SiddharthGadekar avatar SiddharthGadekar commented on August 26, 2024

Hi Murali,
Were you able to get a solution to this?
I am facing the same issue

from cutie.

muralimariyappan avatar muralimariyappan commented on August 26, 2024

No not yet

from cutie.

B34sTRider avatar B34sTRider commented on August 26, 2024

What is the input format for prediction? I used the main_evaluate_json.py to get output using the validation code. The output converts the numbers to "0's" and substrings are splitted and adds "##" to the prefix. Is is possible to get the actual text output from text_boxes key in input json?
I did change update_dict=True for evaluation and then commented the tokenization code where numbers are converted to 0's and replaced final string " ##" with "", which gives me the output somewhat. But why are we masking the data?
As suggested I updated the dict using main_dict_json.py with training data. Also updated the vocab.txt with new words.
If I change update_dict=False for evaluation I only get [UNK] for all words for both GT/INF.

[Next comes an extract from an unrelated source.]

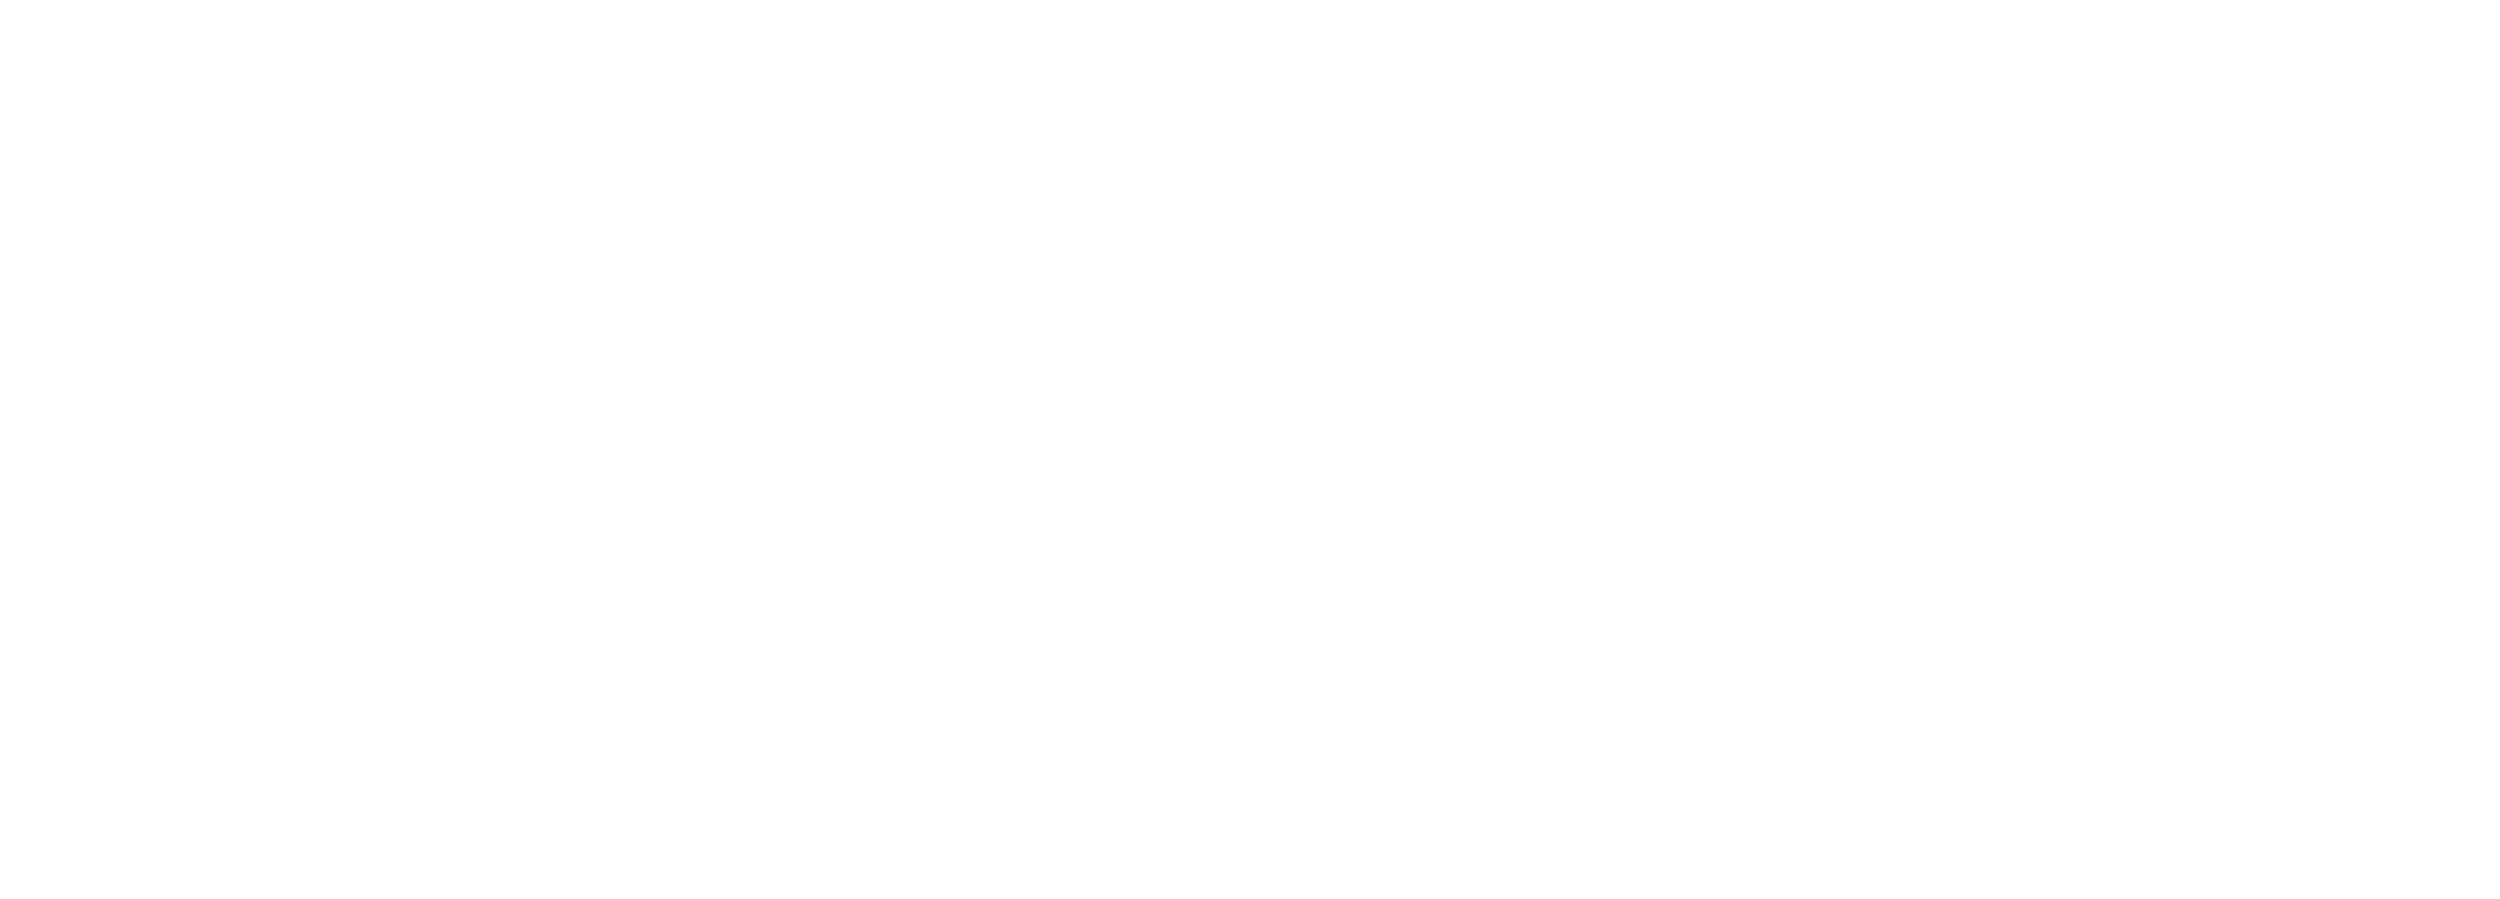 logo-blackside white wide2.png

@muralimariyappan Can you please tell which tokenization code you commented to stop the numbers being converted to 0 ? I am facing the similar issue too

from cutie.

Neelesh1121 avatar Neelesh1121 commented on August 26, 2024

@muralimariyappan , to avoid the numbers getting converted 0, you can comment the script which is just above the word tokenization, after commenting both word tokenization and numbers tokenization, somewhat i am getting the output but my testing accuracy is not increasing more than 0.25 and even training accuracy also becomes constant after a certain epoch with very less value around 0.5 and then it's repeating with same value for further epochs. So please can just share information about accuracy and if you are getting good accuracy, please just tell us the number of training documents?

from cutie.

vsymbol avatar vsymbol commented on August 26, 2024

What is the input format for prediction? I used the main_evaluate_json.py to get output using the validation code. The output converts the numbers to "0's" and substrings are splitted and adds "##" to the prefix. Is is possible to get the actual text output from text_boxes key in input json?
I did change update_dict=True for evaluation and then commented the tokenization code where numbers are converted to 0's and replaced final string " ##" with "", which gives me the output somewhat. But why are we masking the data?
As suggested I updated the dict using main_dict_json.py with training data. Also updated the vocab.txt with new words.
If I change update_dict=False for evaluation I only get [UNK] for all words for both GT/INF.

This is a good question.

Since numbers have almost the same meaning in receipts, we convert numbers into zeros where only the length of the numbers are counted, e.g. "1234"→"0000", "55555"→"00000". Moreover, different combinations of numbers can formulate countless number of types to learn for the model, which is difficult.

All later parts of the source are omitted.